It does not matter if they are random or not.
> How are you going to trace all those records if the requester has changed their name, phone number and email since they signed up if you don't have a surrogate key?
And how does surrogate key help? I don't know the surrogate key that identifies my records in your database.
Even if you use them internally it is an implementation detail.
If you keep information about the time information was captured, you can at least ask me "what was your phone number last time we've interacted and when was it?"
> I think that spirals into way more complexity than you're thinking.
This complexity is there whether you want it or not and you're not going to eliminate it with surrogate keys. It has to be explicitly taken care of.
DBMSes provide means to tackle this essential complexity: bi-temporal extensions, views, materialized views etc.
Event sourcing is a somewhat convoluted way to attack this problem as well.
> Those queries are incredibly simple with surrogate keys: "SELECT * FROM phone_number_changes WHERE user_id = blah".
Sure, but those queries are useless if you just don't know user_id.
> externally visible surrogate keys are problematic because they are detached from real world information they are supposed to identify and hence don't really identify anything (see my example about GDPR).
All IDs are detached from the real world. That’s the core premise of an ID. It’s a bit of information that is unique to someone or something, but it is not that person or thing.
Your phone number is a random number that the phone company points to your phone. Your house has a street name and number that someone decided to assign to it. Your email is an arbitrary label that is used to route mail to some server. Your social security number is some arbitrary id the government assigned you. Even your name is an arbitrary label that your parents assigned to you.
Fundamentally your notion that there is some “real world” identifier is not true. No identifiers are real. They are all abstractions and the question is not whether the “real” identifier is better than a “fake” one, but whether an existing identifier is better than one you create for your system.
I would argue that in most cases, creating your own ID is going to save you headaches in the long term. If you bake SSN or Email or Phone Number throughout your system, you will make it a pain for yourself when inevitably someone needs to change their ID and you have cascading updates needed throughout your entire system.
In my country, citizens have an "ID" (a UUID, which most people don't know the value of!) and a social security number which they know - which has all the problems described above).
While the social security number may indeed change (doubly assigned numbers, gender reassignment, etc.), the ID needn't change, since it's the same physical person.
Public sector it-systems may use the ID and rely on it not changing.
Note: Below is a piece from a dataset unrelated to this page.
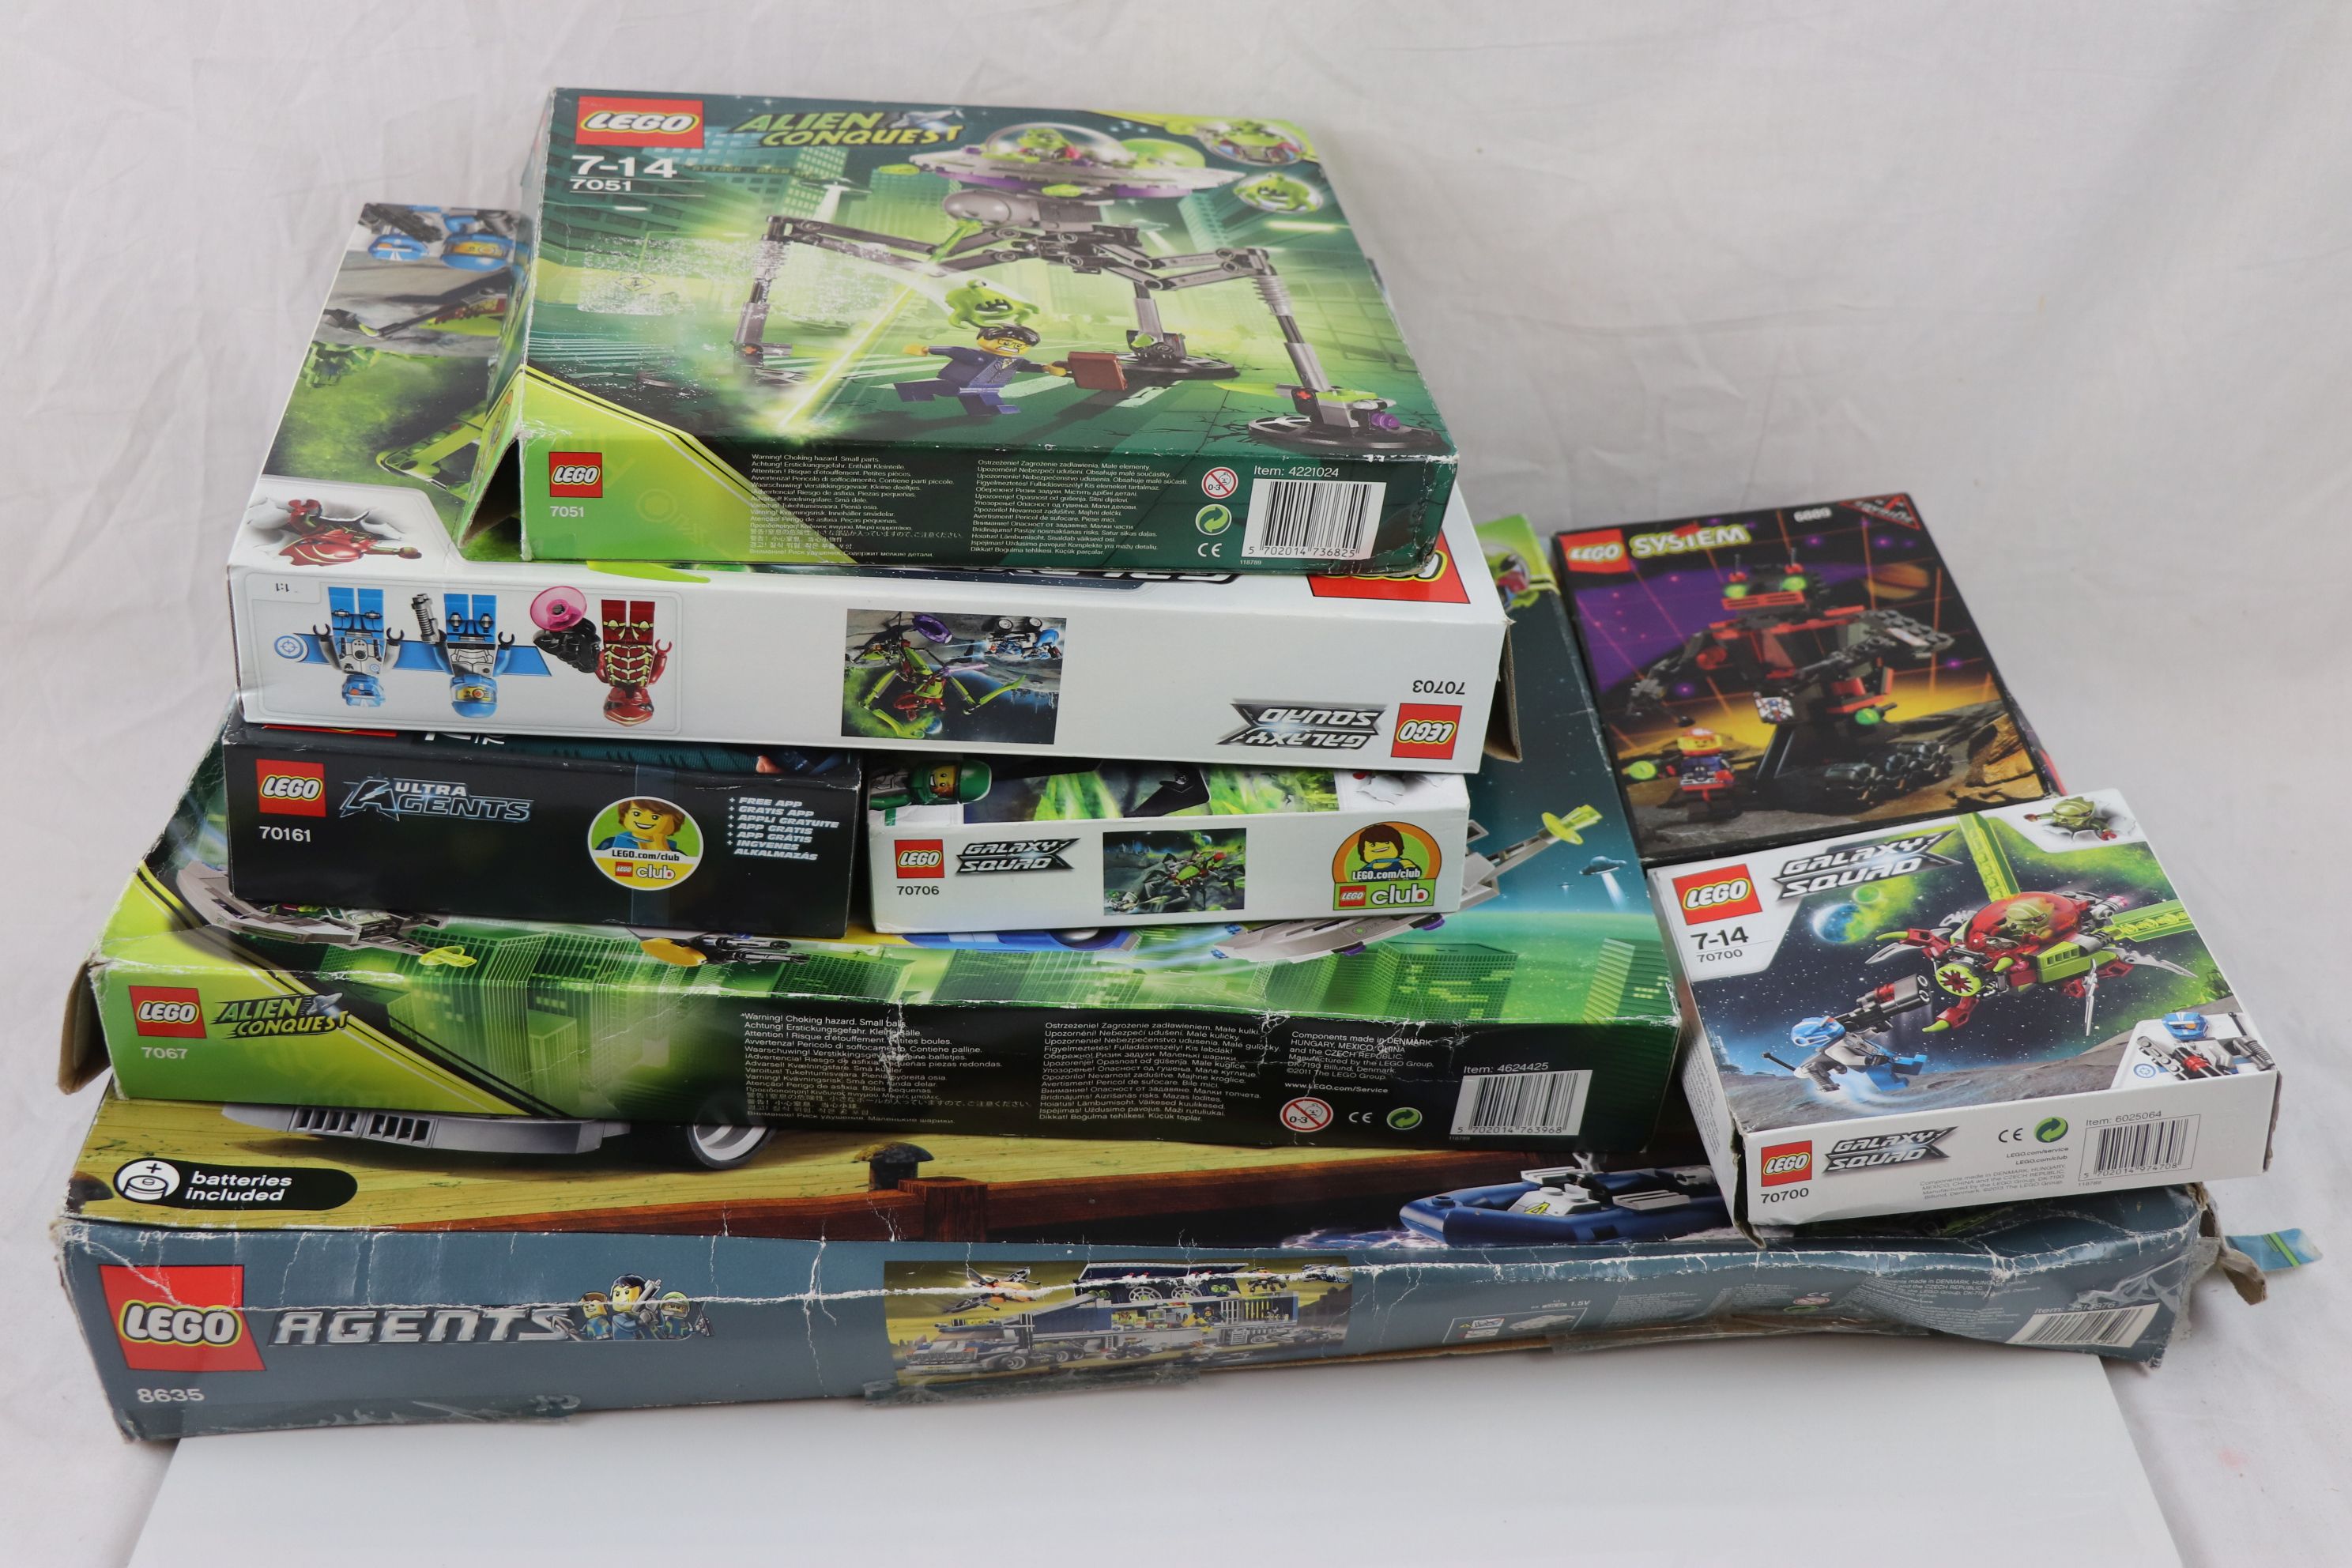 10 Boxed Lego sets to include Agents Mission 6 8635, 2 x Alien Conquests (7067 & 7051), 3 x Galaxy - Image 2 of 10

Private sector it-systems can't look up people by their ID, but only use the social security number for comparisons and lookups, e.g. for wiping records in GDPR "right to be forgotten"-situations. Social security numbers are sortof-useful for that purpose because they are printed on passports, driver's licenses and the like. And they are a problem w.r.t. identity theft, and shouldn't ever be used as an authenticator (we have better methods for that).
The person ID isn't useful for identity theft, since it's only used between authorized contexts (disregarding Byzantine scenarios with rogue public-sector actors!). You can't social engineer your way to personal data using that ID unless (safe a few movie-plot scenarios).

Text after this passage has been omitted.